Okay gotta go. I got a piece of 6061 out in the workshop that needs to be turned into little shiny curley cue chips this morning.
you hit the nail on the head, the cheap chinese lathe / mill makes no sense if you are making money with them (you can make money after you have worked the bugs out), but for getting into a hobby and learning about that hobby they make sense for several reasons,
1. low barrier for entry into the hobby, not much upfront cost not much dedicated space required.
2. low cost of accessories, if you have a powerful very rigid lathe / mill you need powerful rigid tools, vices, holders etc. and they can cost as much as a cheap lathe or mill (easily). you can get tons of ok stuff off of amazon/ebay/aliexpress, none of it is as capable as industrial tools but it will not be the limiting factor.

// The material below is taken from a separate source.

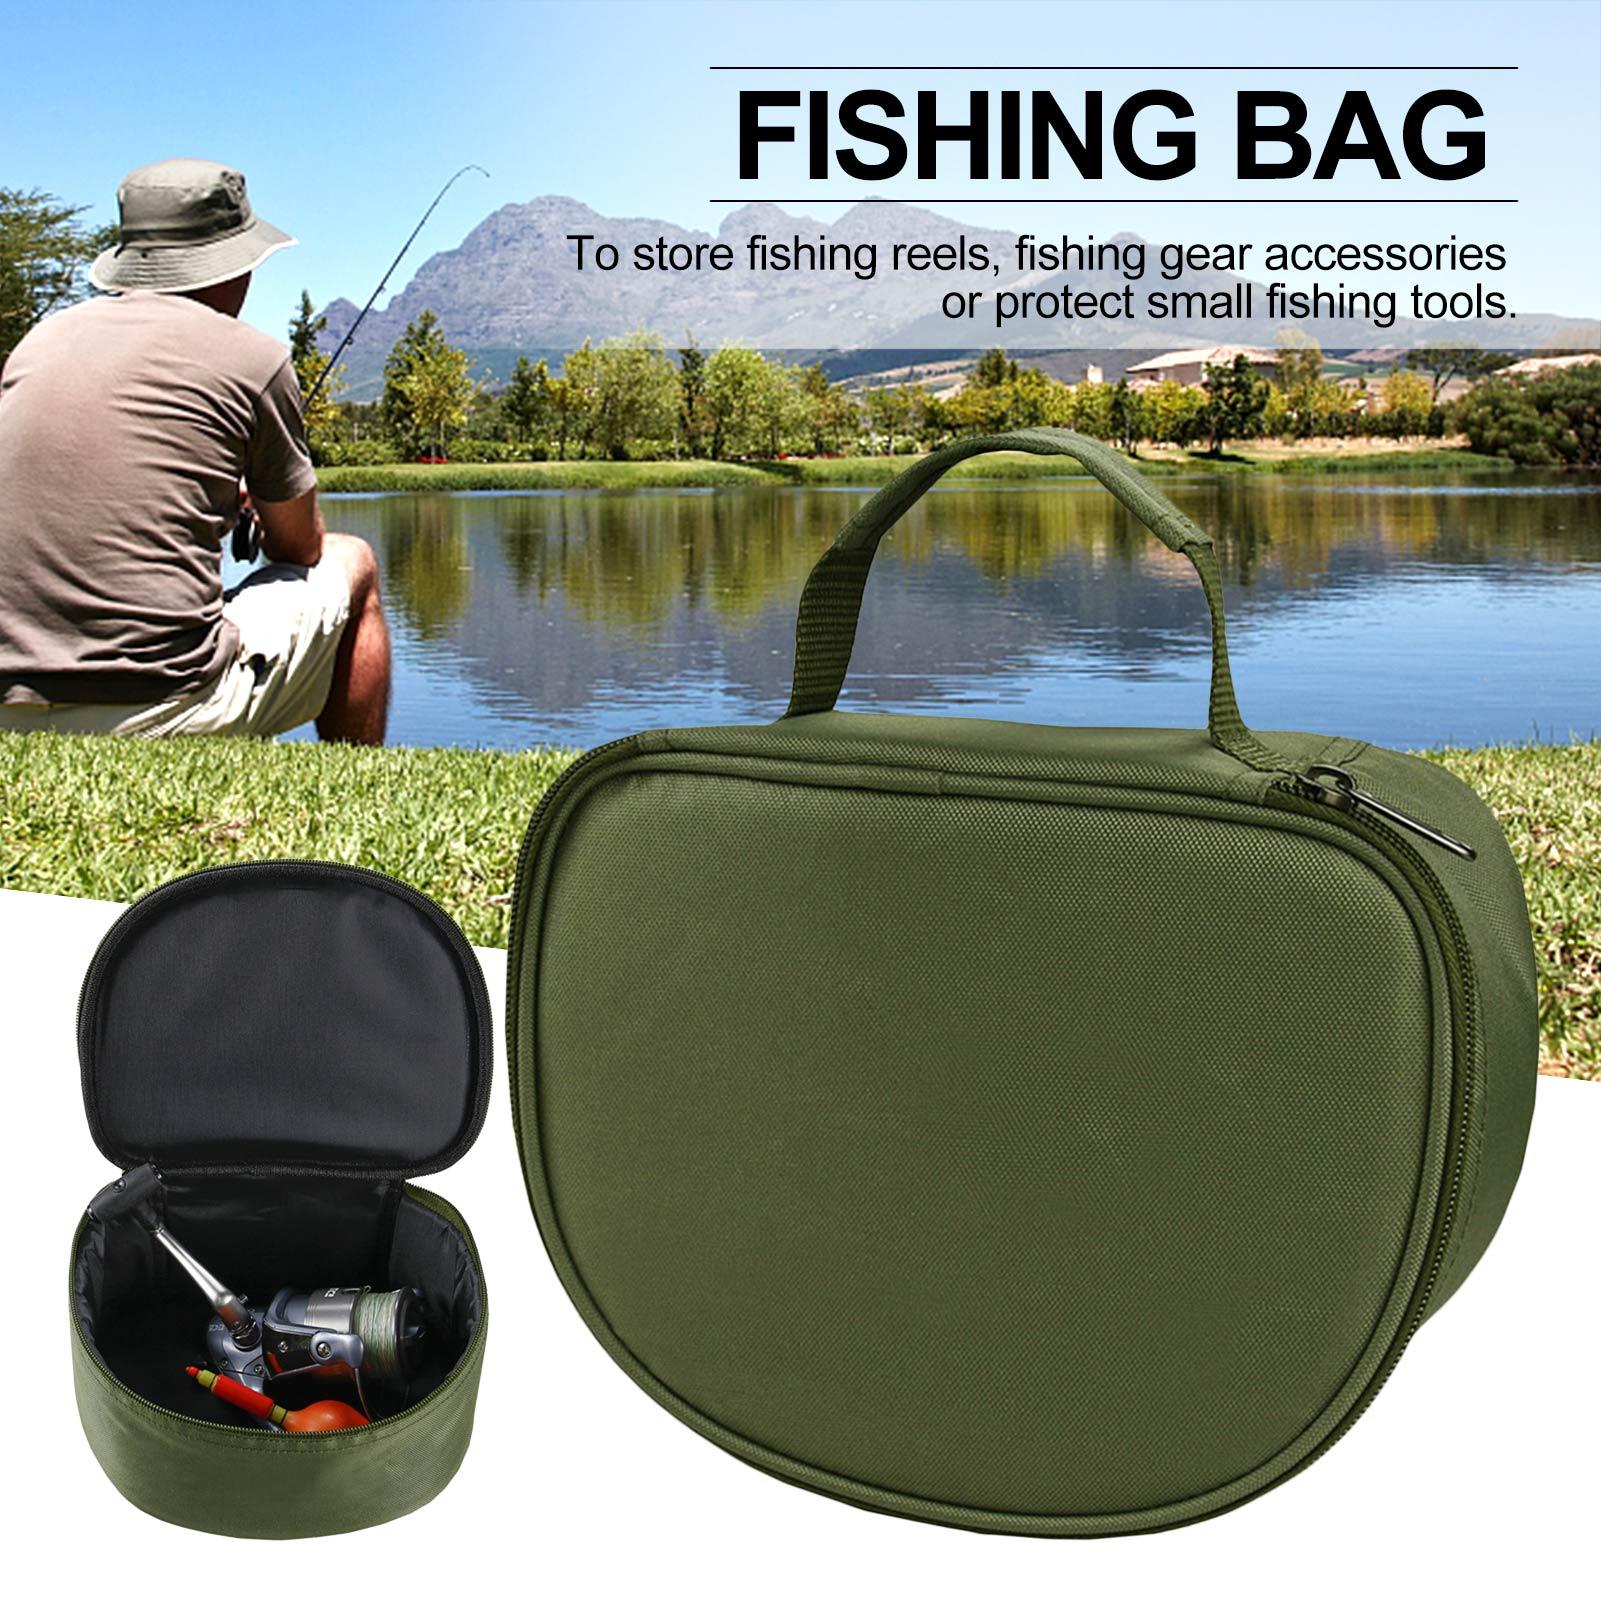 Portable Fishing Bag Fishing Reel Bag Oxford Internal Sponge Protection Fish Tools Bag Used For To Store Fishing Reels Tool

3. easy to upgrade from if and when you need to, it is hard to sell/move a full sized mill / lathe out after you are ready to move up (if you ever are).
4. safety, a small mill / lathe can mess up your day if you make a mistake but they are not as likely to end your life as a full sized knee mill or a 14X40 south bend lathe.

I'm planning on moving up to larger equipment sometime after i have worked out the bugs in my skill, and have had fun with the minis but in the mean time this is like an erector set where you learn about the equipment and have fun as well.

IMHO If you can workout how to make good parts on the minis you will be able to easily duplicate that with larger / better / more rigid equipment.